◆ **Work instructions**
Your job is to give again, exactly and with no additions, the lines in the records below from the one with "蓝莓芝士蛋糕高清图片大全【蛋糕图片】_368" through the one with "Healthy Soccer Snacks", both included. Omit the pictures.

◆ **Data provided**
____________

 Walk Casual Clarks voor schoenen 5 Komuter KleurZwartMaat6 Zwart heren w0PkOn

____________

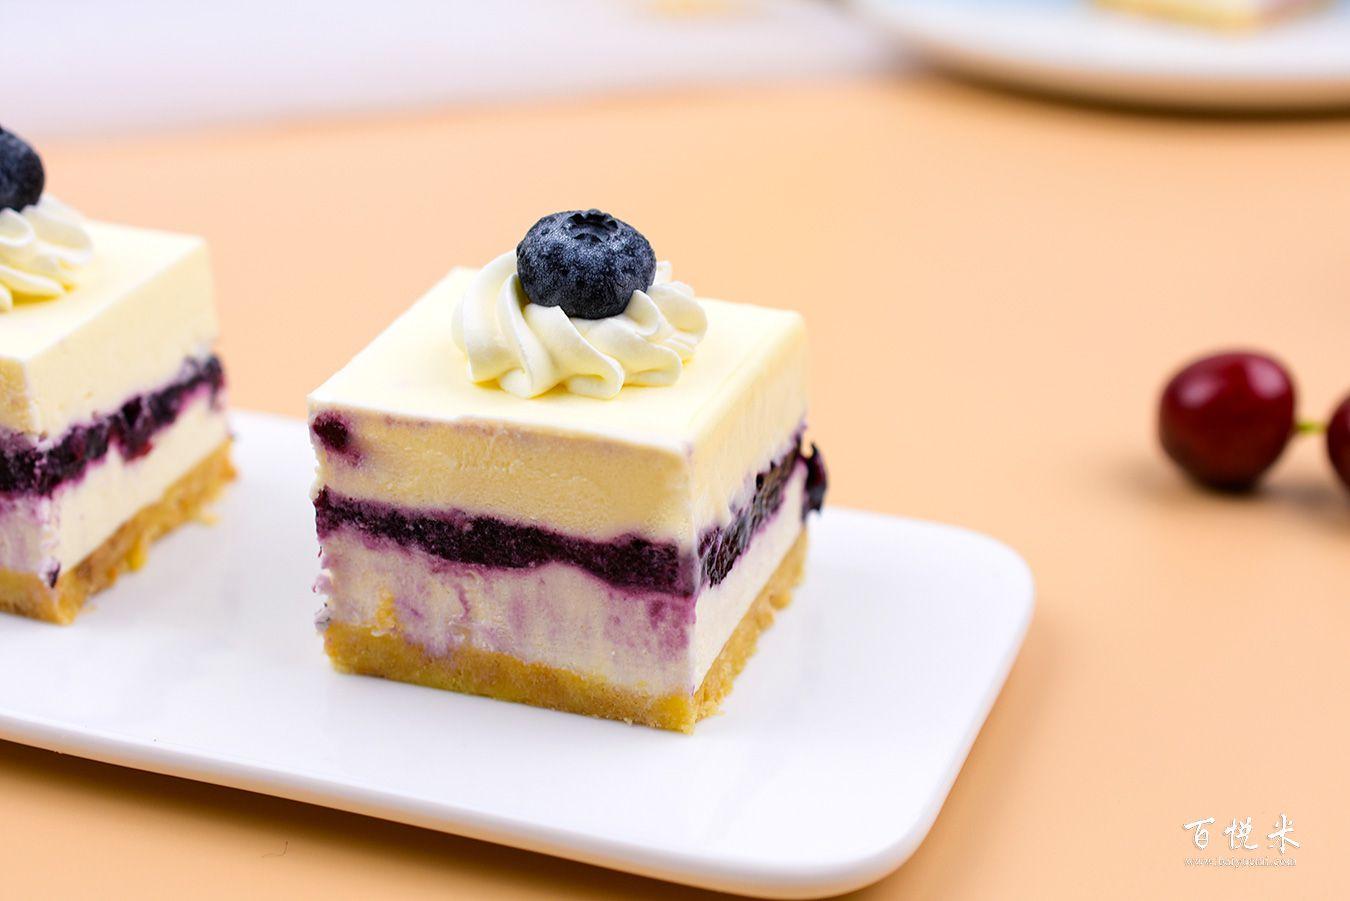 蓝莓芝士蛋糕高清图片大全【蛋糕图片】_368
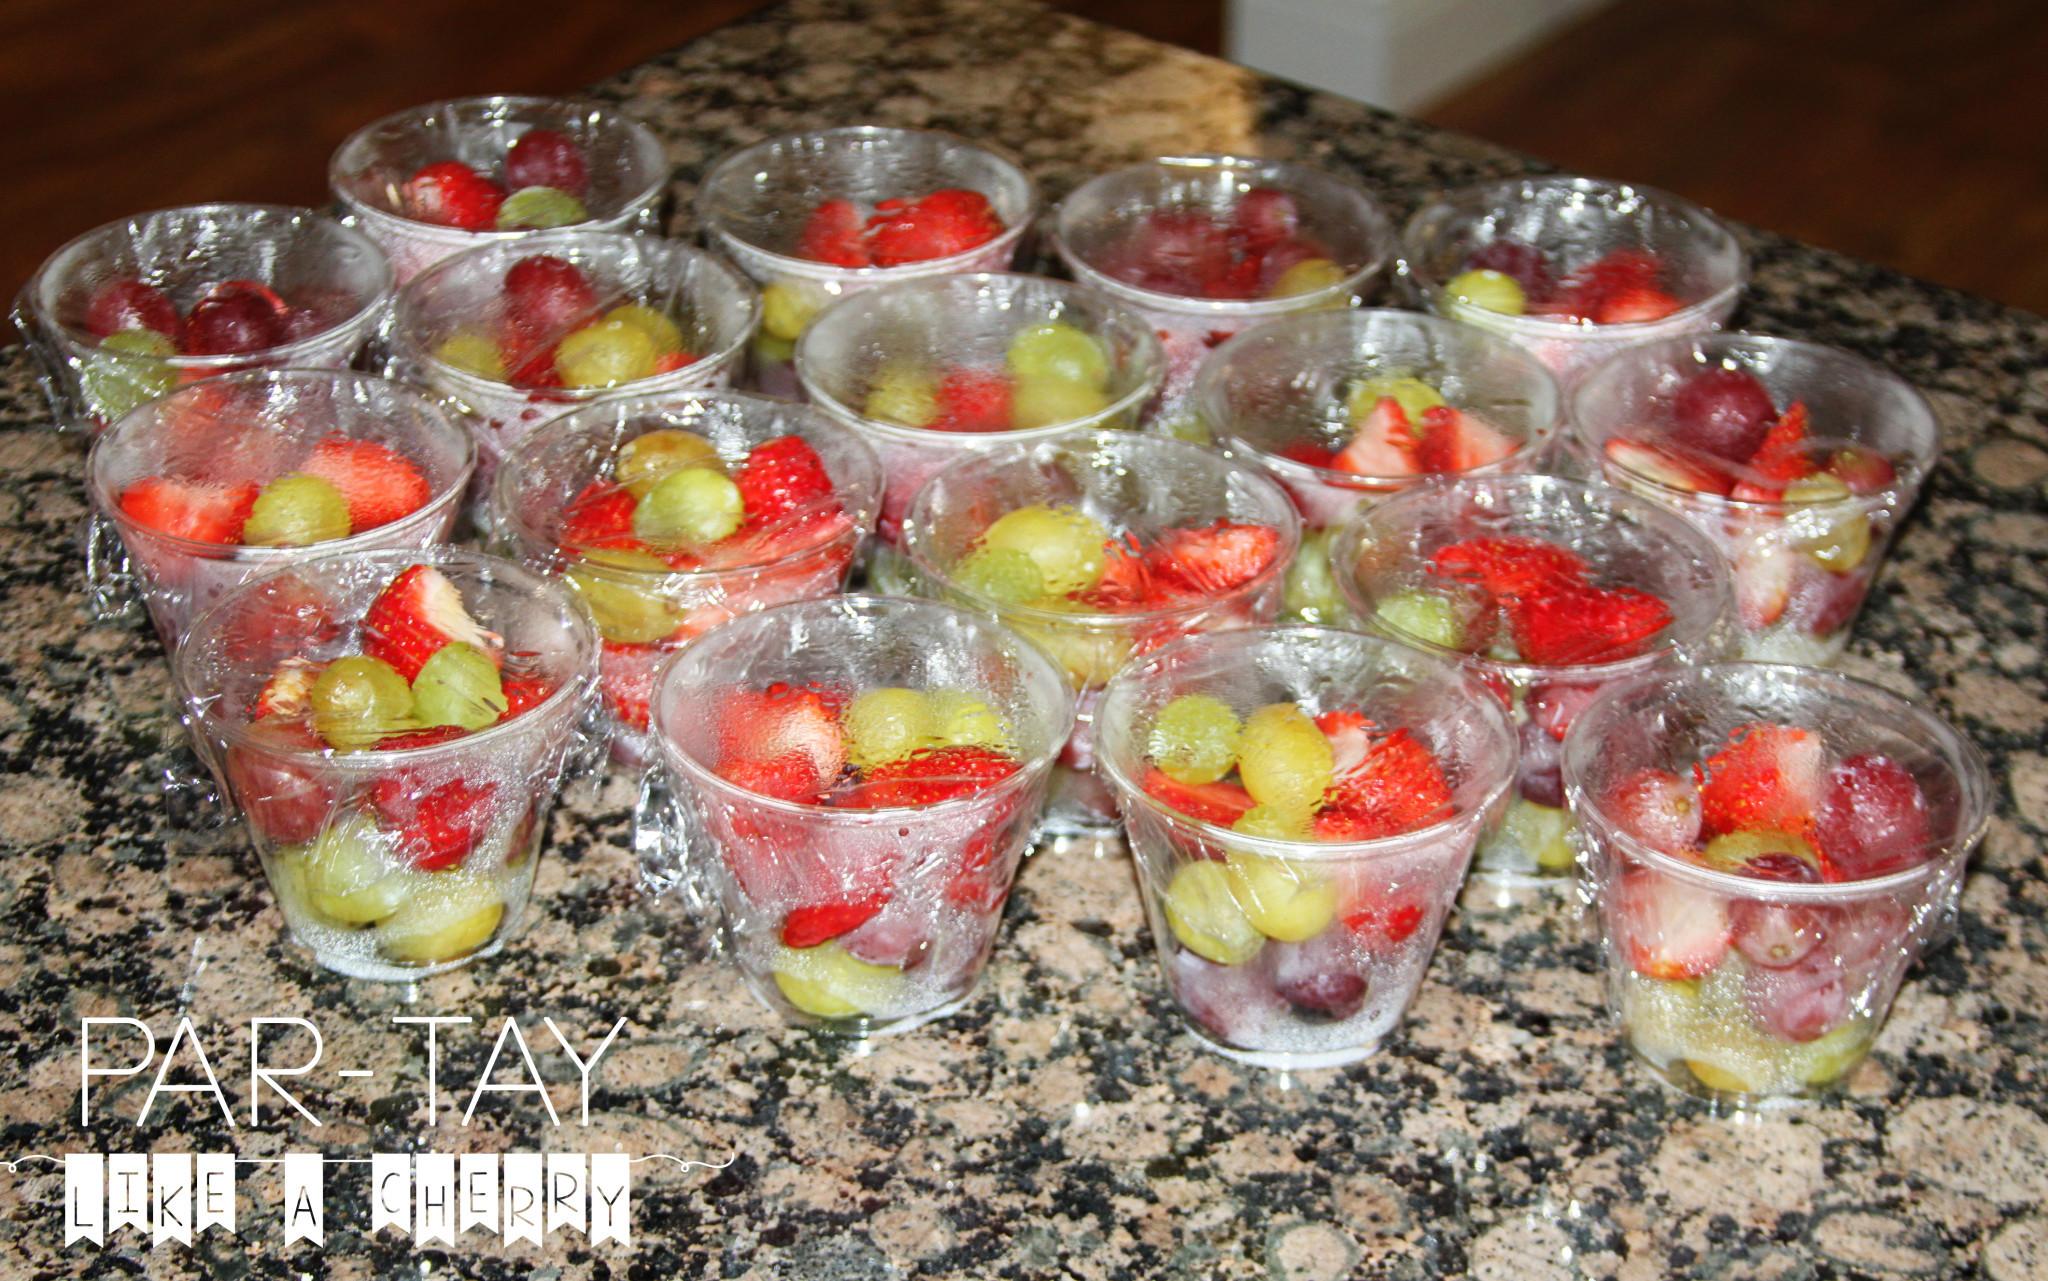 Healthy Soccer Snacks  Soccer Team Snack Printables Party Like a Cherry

____________

◆ **Your response**
 蓝莓芝士蛋糕高清图片大全【蛋糕图片】_368
 Healthy Soccer Snacks  Soccer Team Snack Printables Party Like a Cherry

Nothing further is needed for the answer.